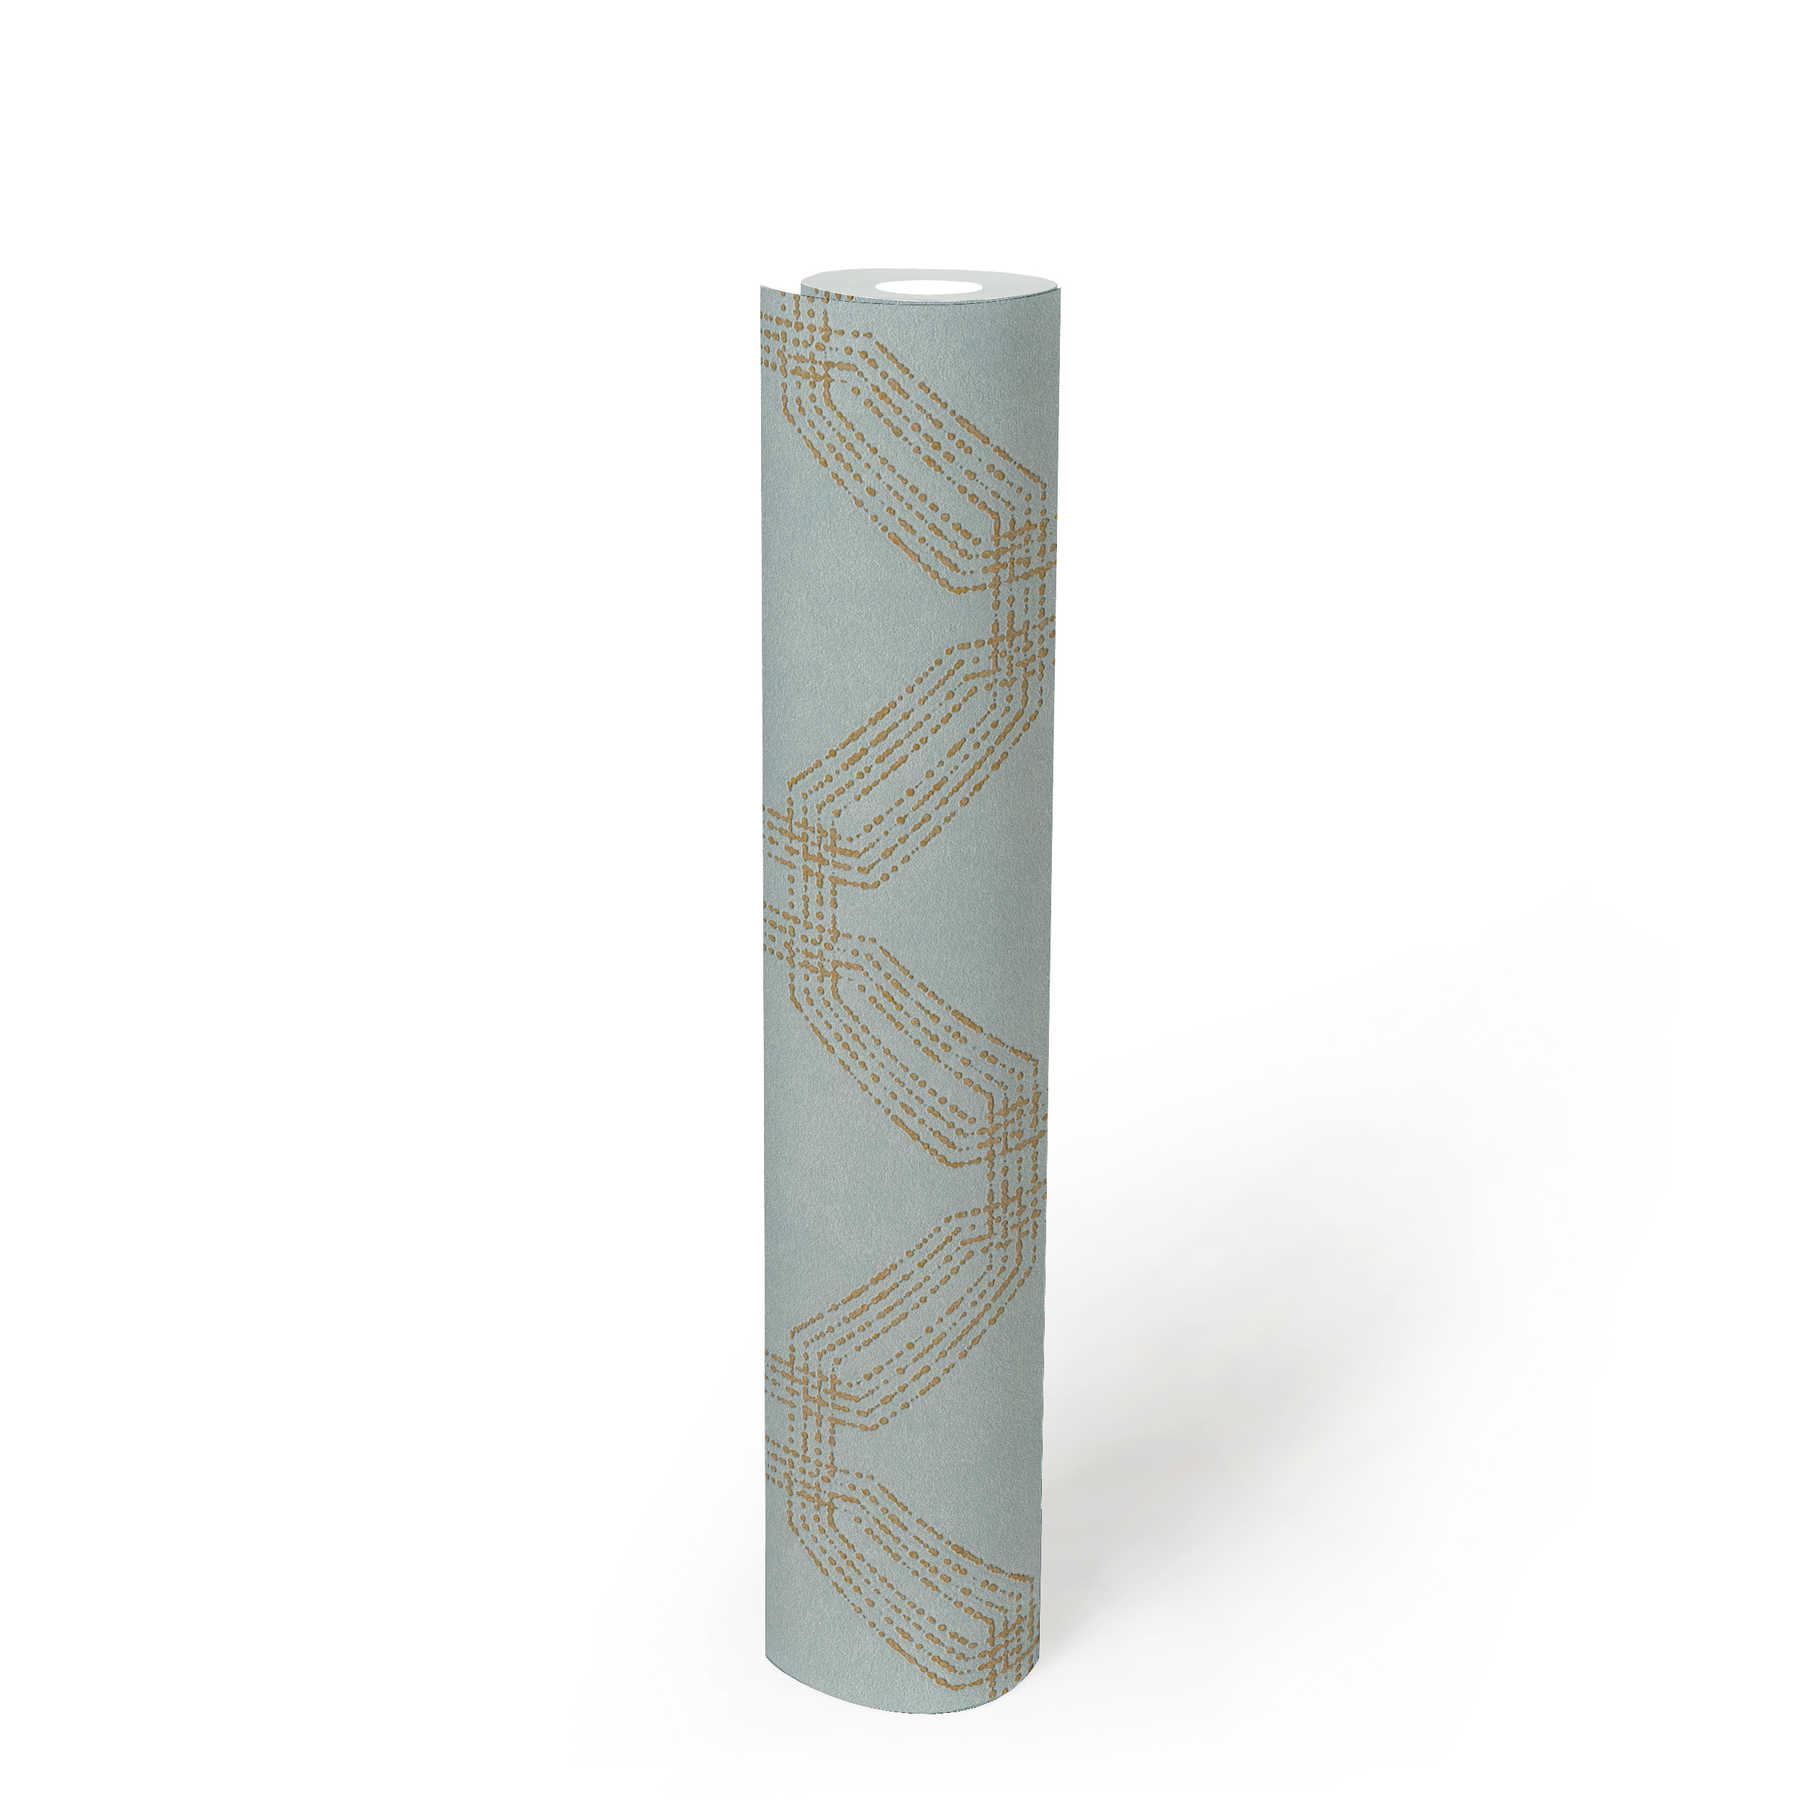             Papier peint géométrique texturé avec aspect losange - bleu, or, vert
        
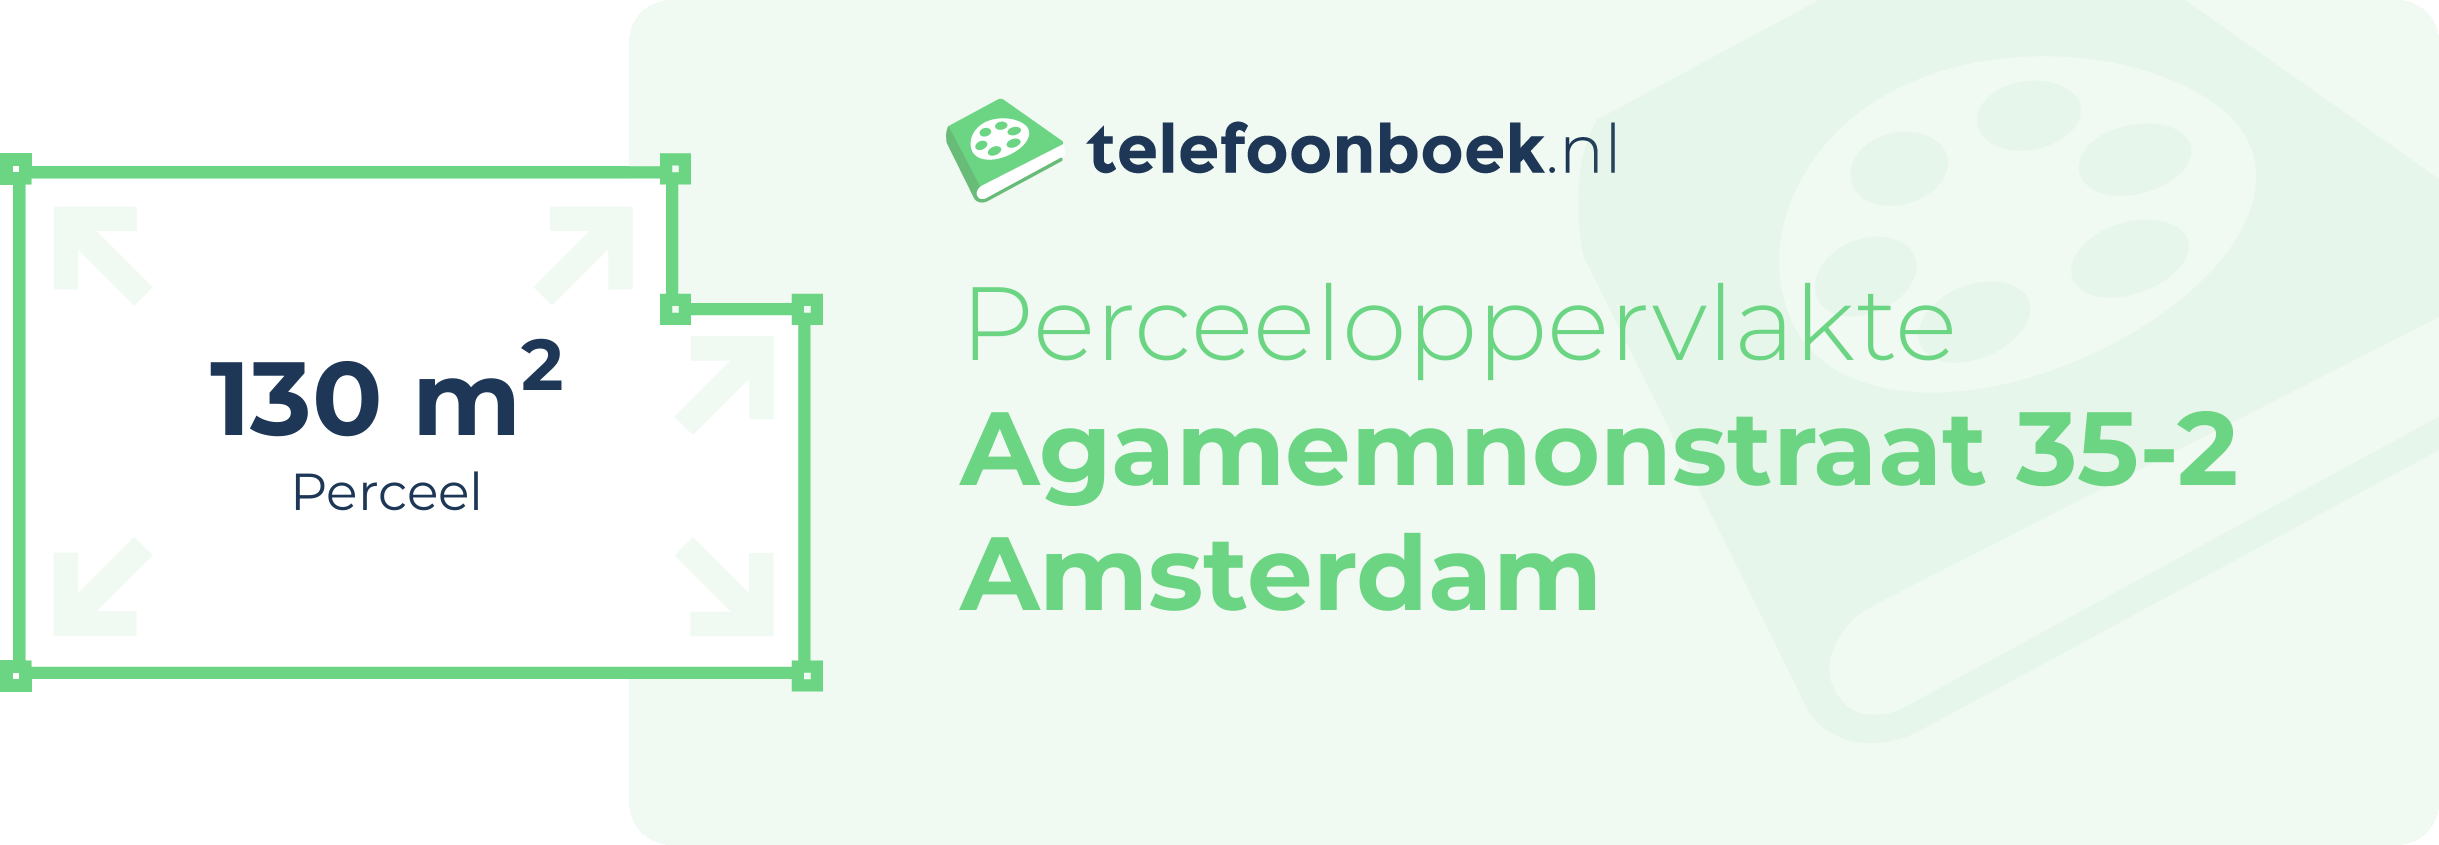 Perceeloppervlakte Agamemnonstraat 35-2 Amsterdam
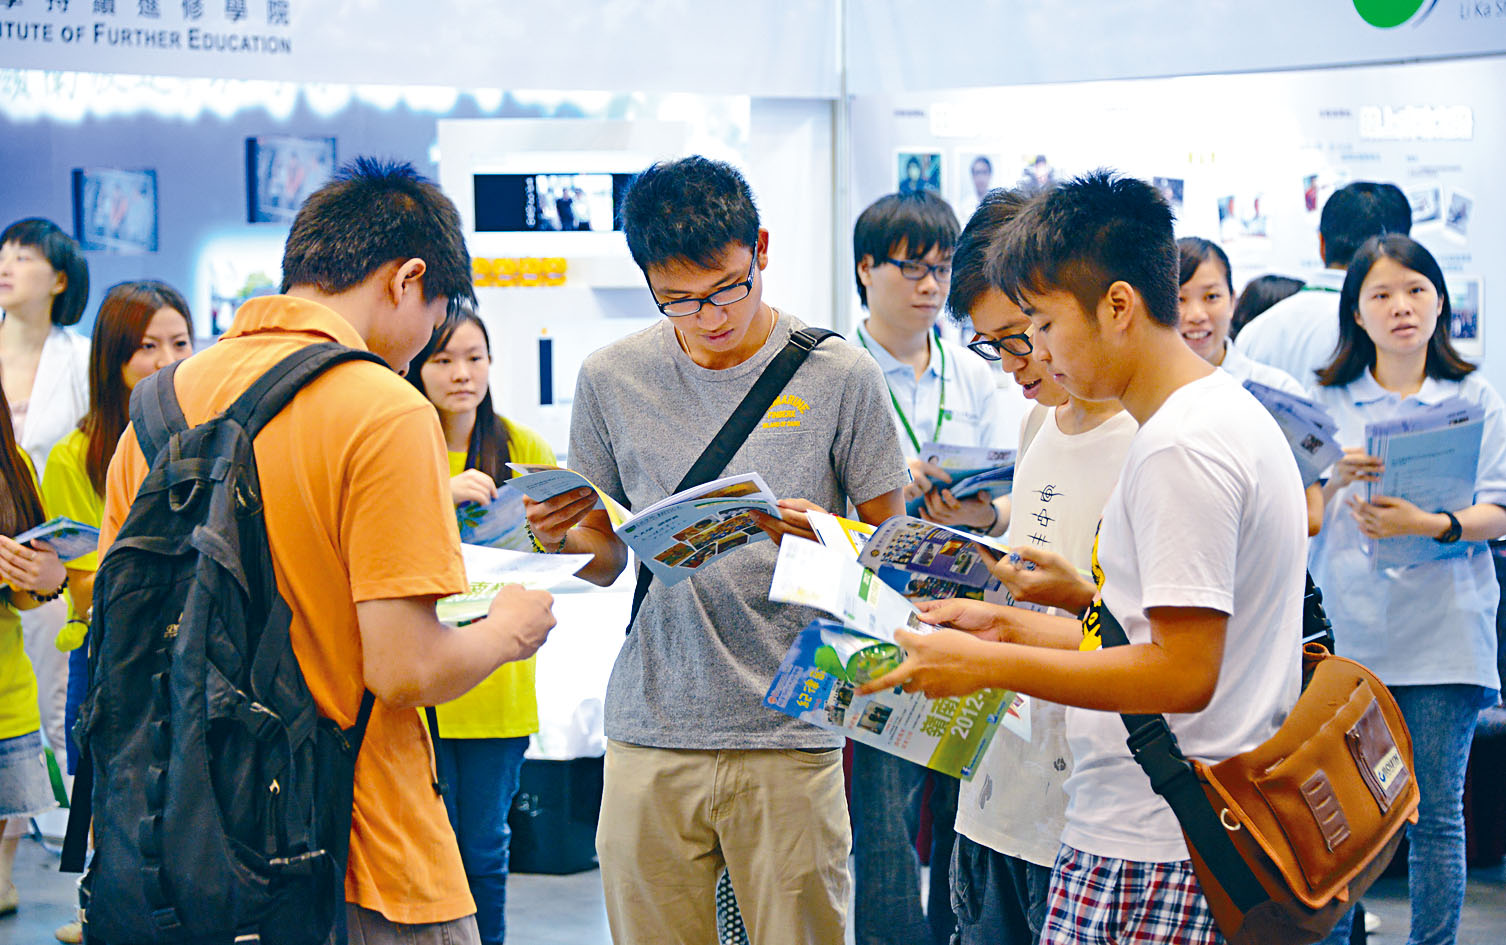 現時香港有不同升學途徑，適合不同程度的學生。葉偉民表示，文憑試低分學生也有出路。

___

* EXERCISE DETAILS
Starting with the line that contains "Perceeloppervlakte Agamemnonstraat 35-2" and ending with the last line of the material, every line must be written out exactly; no other lines and no pictures are wanted.

* SOLUTION FOR THIS PROBLEM
 Perceeloppervlakte Agamemnonstraat 35-2 Amsterdam
 現時香港有不同升學途徑，適合不同程度的學生。葉偉民表示，文憑試低分學生也有出路。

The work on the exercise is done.